Set down exactly, from the records below, the line with "Heal massage and therapy room" through the line with "3 Main Reasons", and nothing else.
** Available records follows **
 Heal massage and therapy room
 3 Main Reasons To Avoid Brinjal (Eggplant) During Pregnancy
** End of Available records **
** Available records follows **
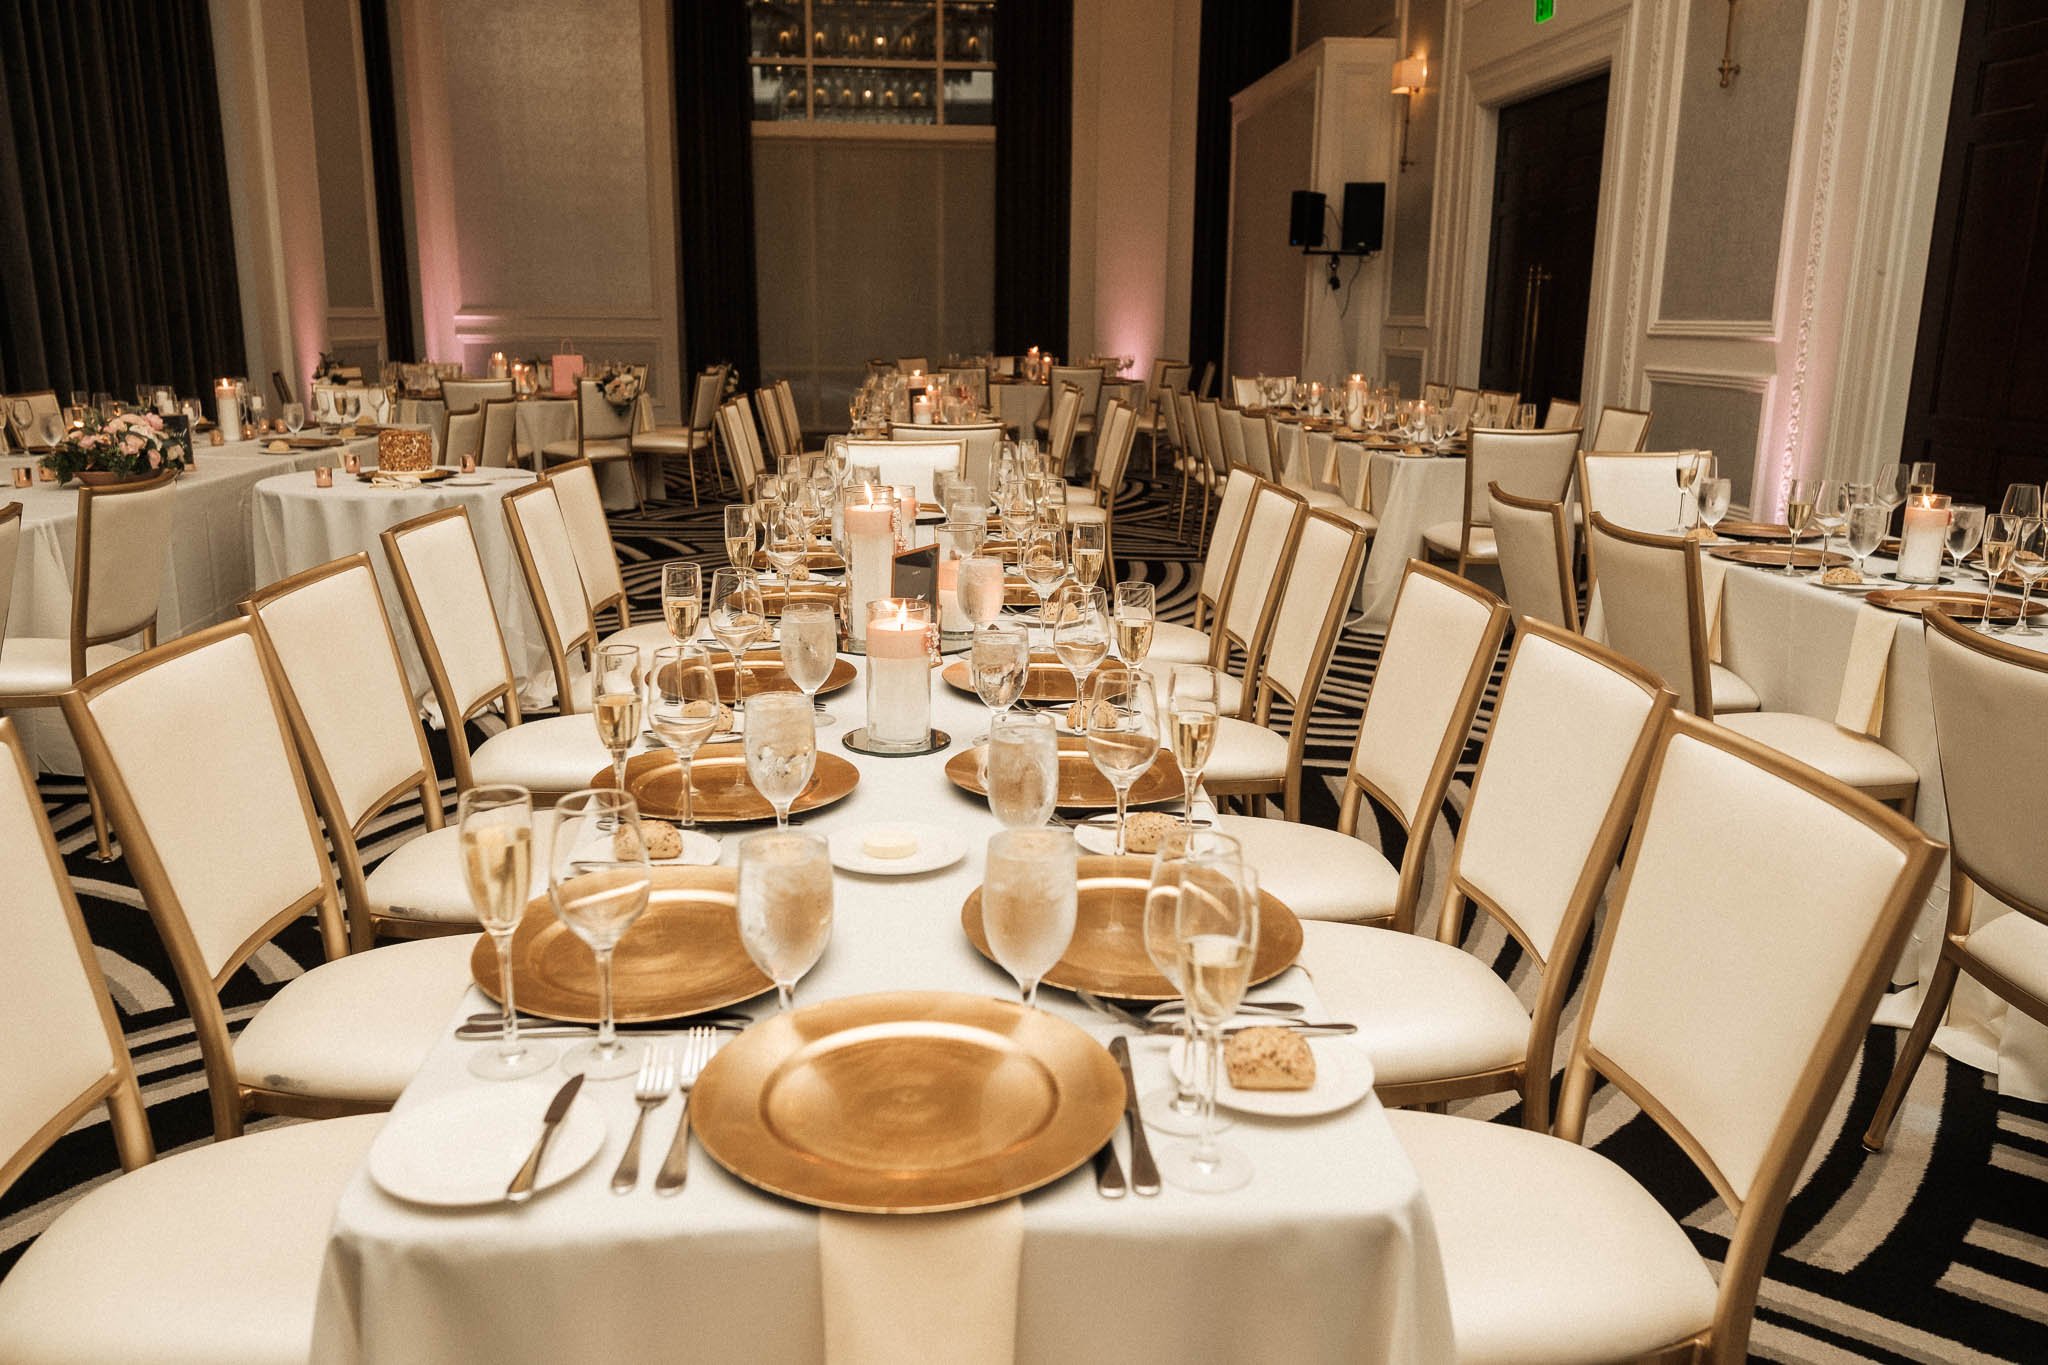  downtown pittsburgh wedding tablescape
** End of Available records **
Solution to the exercise —
 Heal massage and therapy room
 3 Main Reasons To Avoid Brinjal (Eggplant) During Pregnancy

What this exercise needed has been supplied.